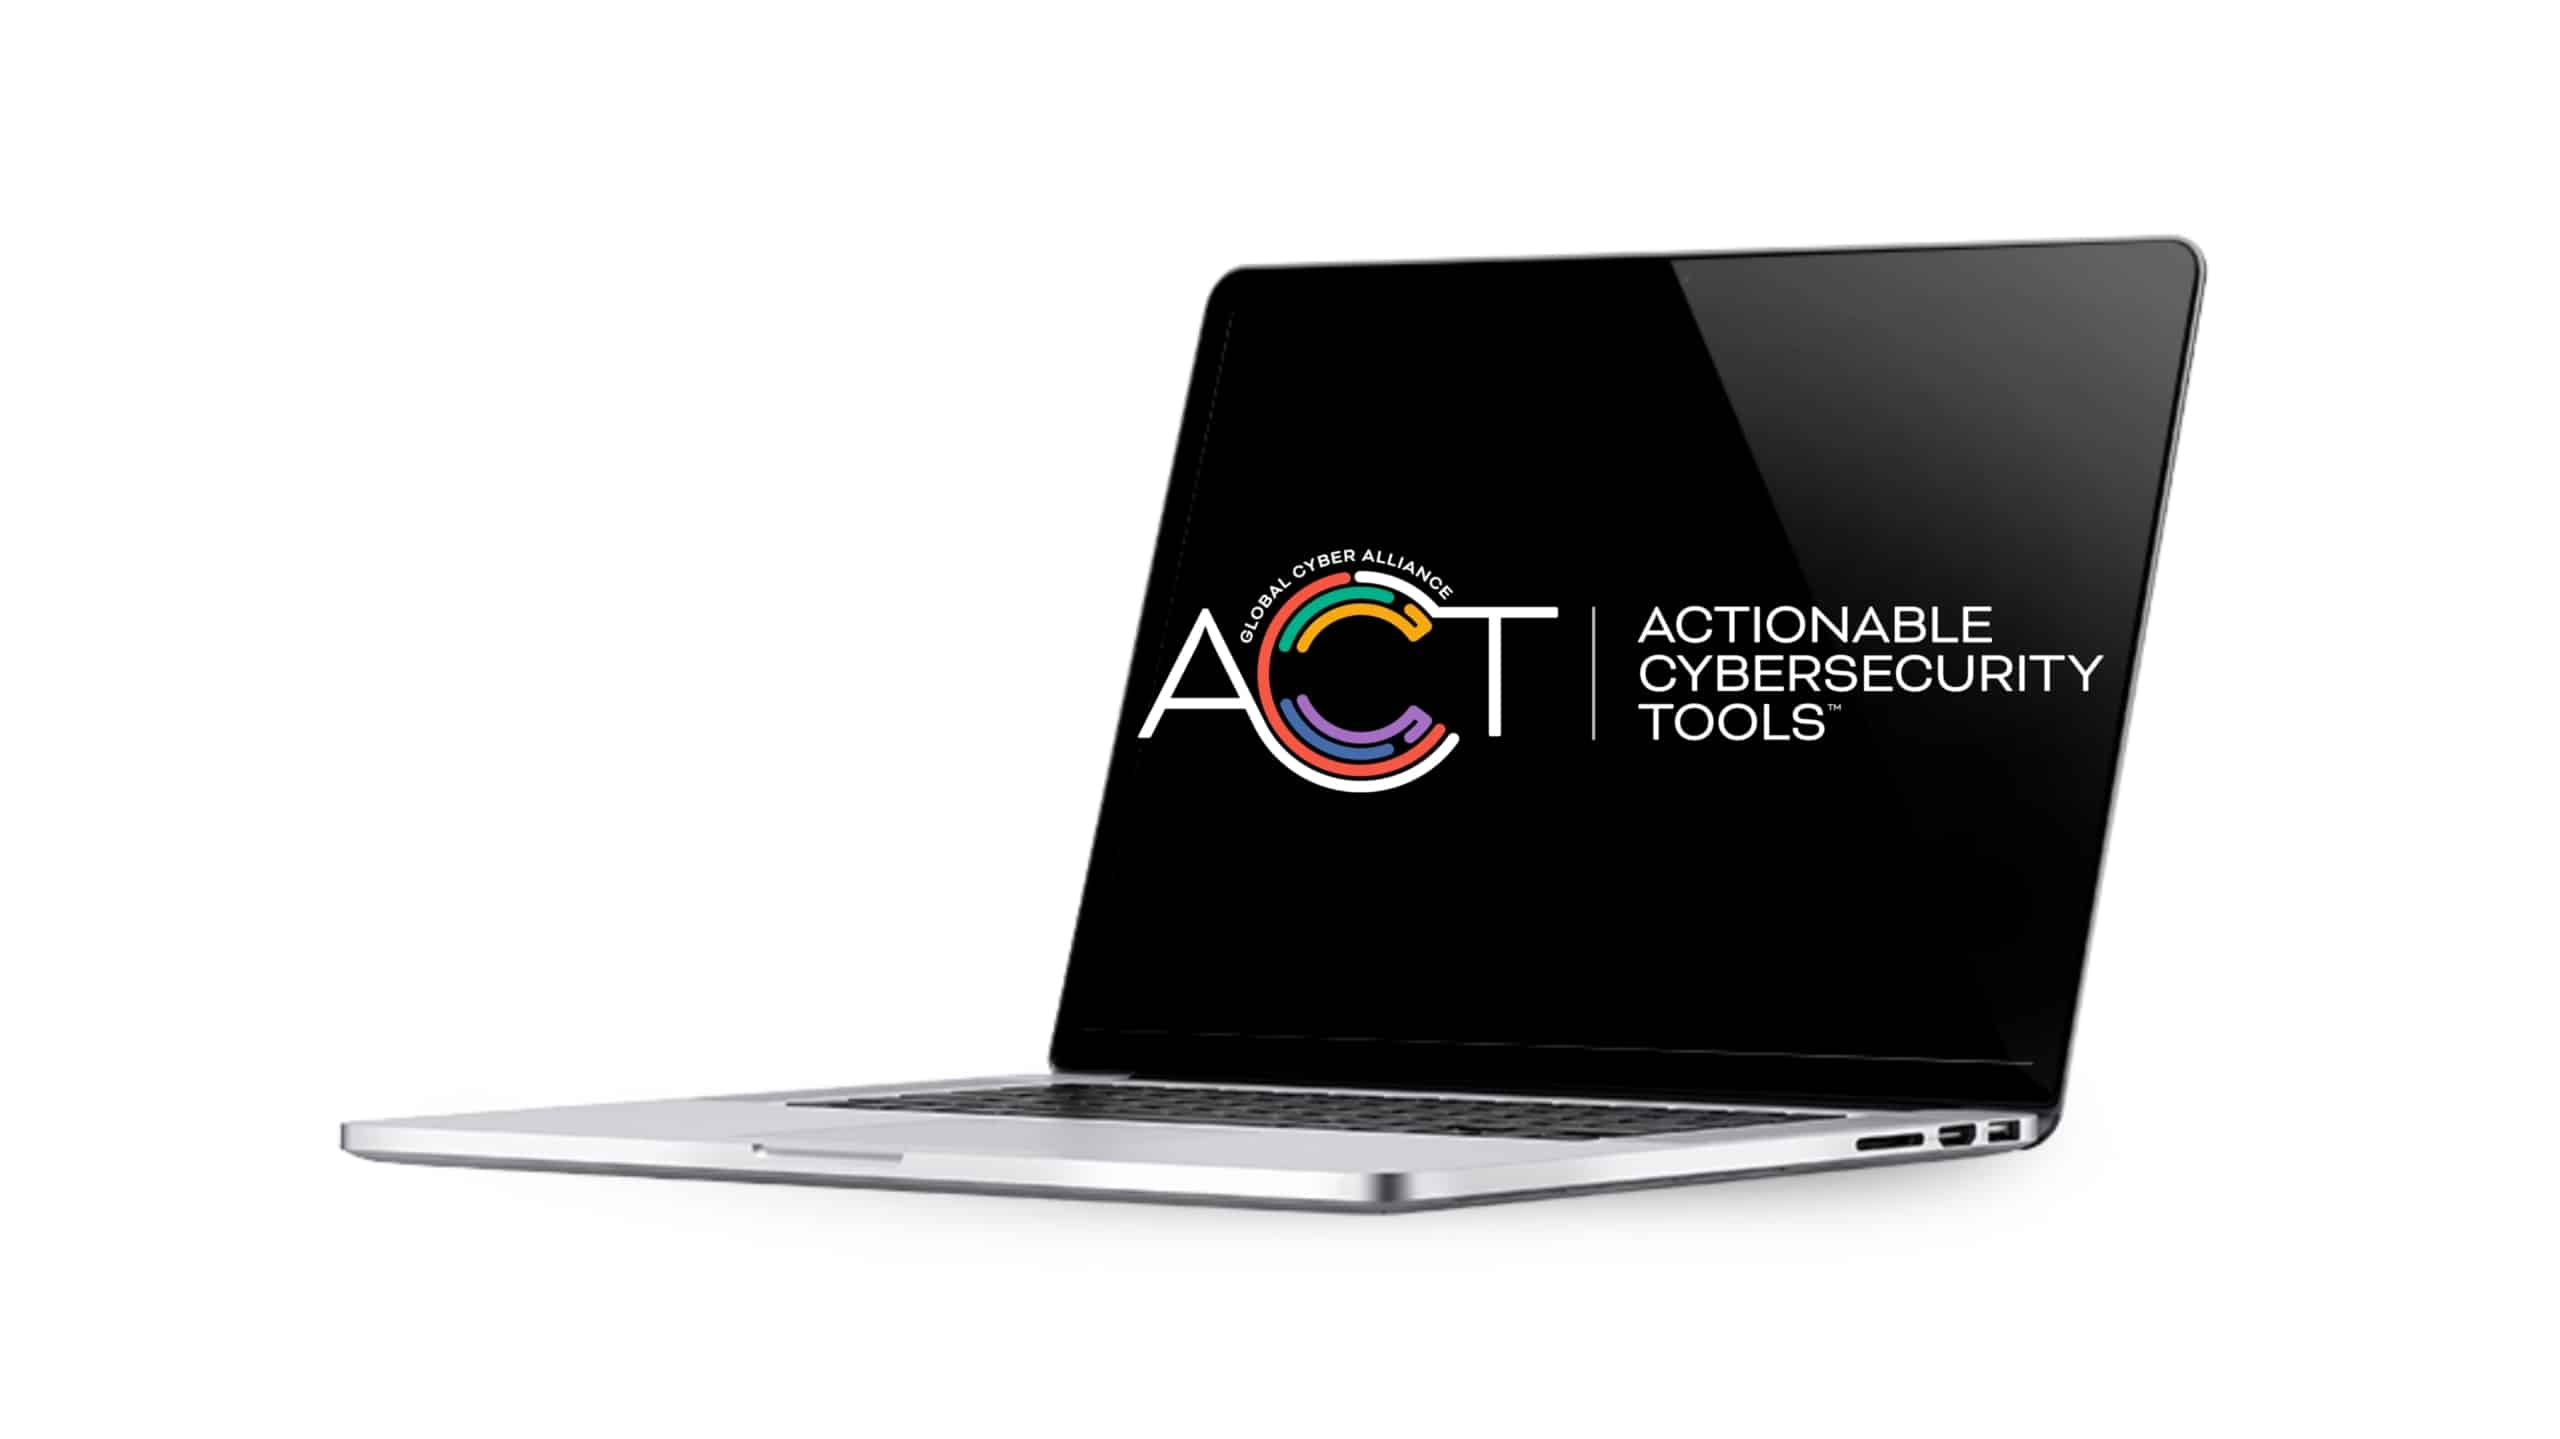 ACT logo on laptop
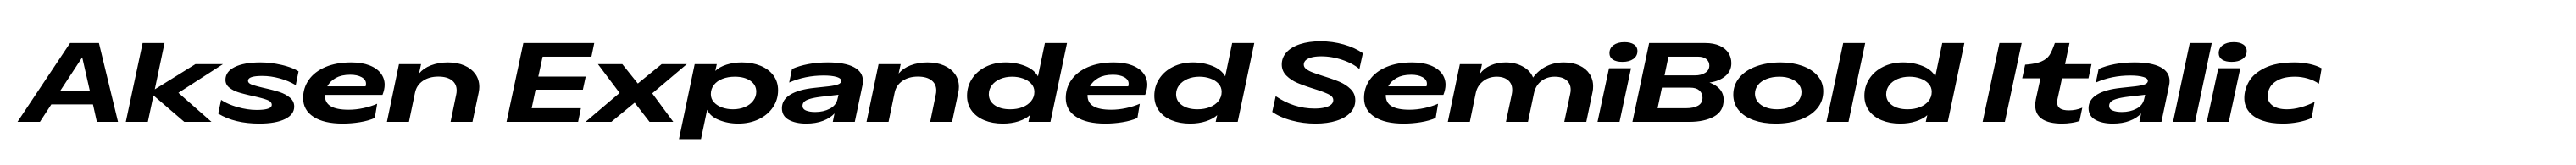 Aksen Expanded SemiBold Italic
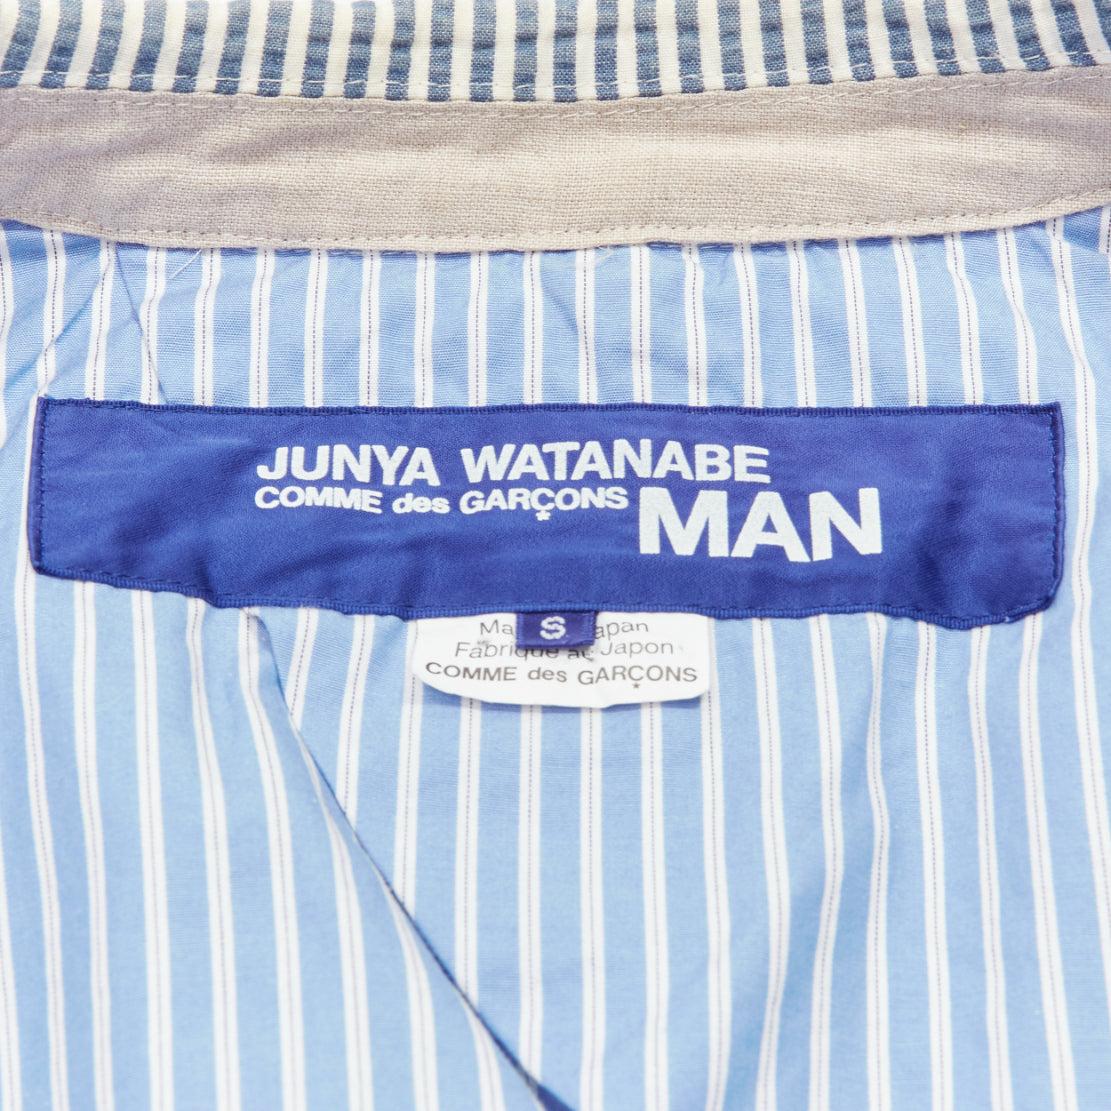 JUNYA WATANABE MAN 2013 white striped seersucker cotton casual blazer jacket S For Sale 4
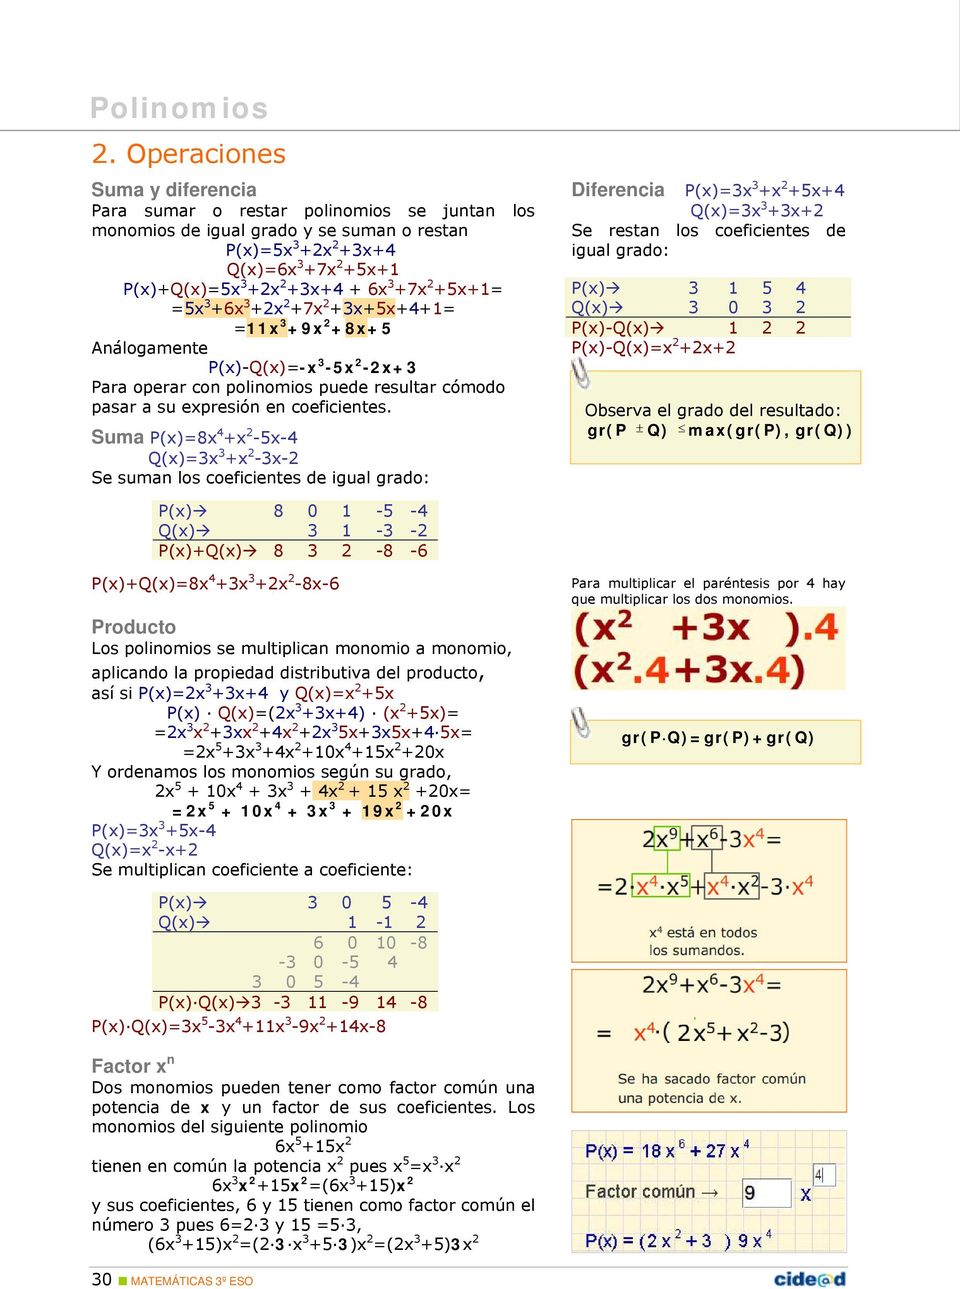 Suma P(x)=8x 4 +x 2-5x-4 Q(x)=3x 3 +x 2-3x-2 Se suman los coeficientes de igual grado: Diferencia P(x)=3x 3 +x 2 +5x+4 Q(x)=3x 3 +3x+2 Se restan los coeficientes de igual grado: P(x) 3 1 5 4 Q(x) 3 0

[Problem] Reproduce the material word for word. Any pictures should be left out of the copy.

[Answer below]
 ACT logo on laptop
 Aksen Expanded SemiBold Italic
 JUNYA WATANABE MAN 2013 white striped seersucker cotton casual blazer jacket S For Sale 4
 Suma P(x)=8x 4 +x 2-5x-4 Q(x)=3x 3 +x 2-3x-2 Se suman los coeficientes de igual grado: Diferencia P(x)=3x 3 +x 2 +5x+4 Q(x)=3x 3 +3x+2 Se restan los coeficientes de igual grado: P(x) 3 1 5 4 Q(x) 3 0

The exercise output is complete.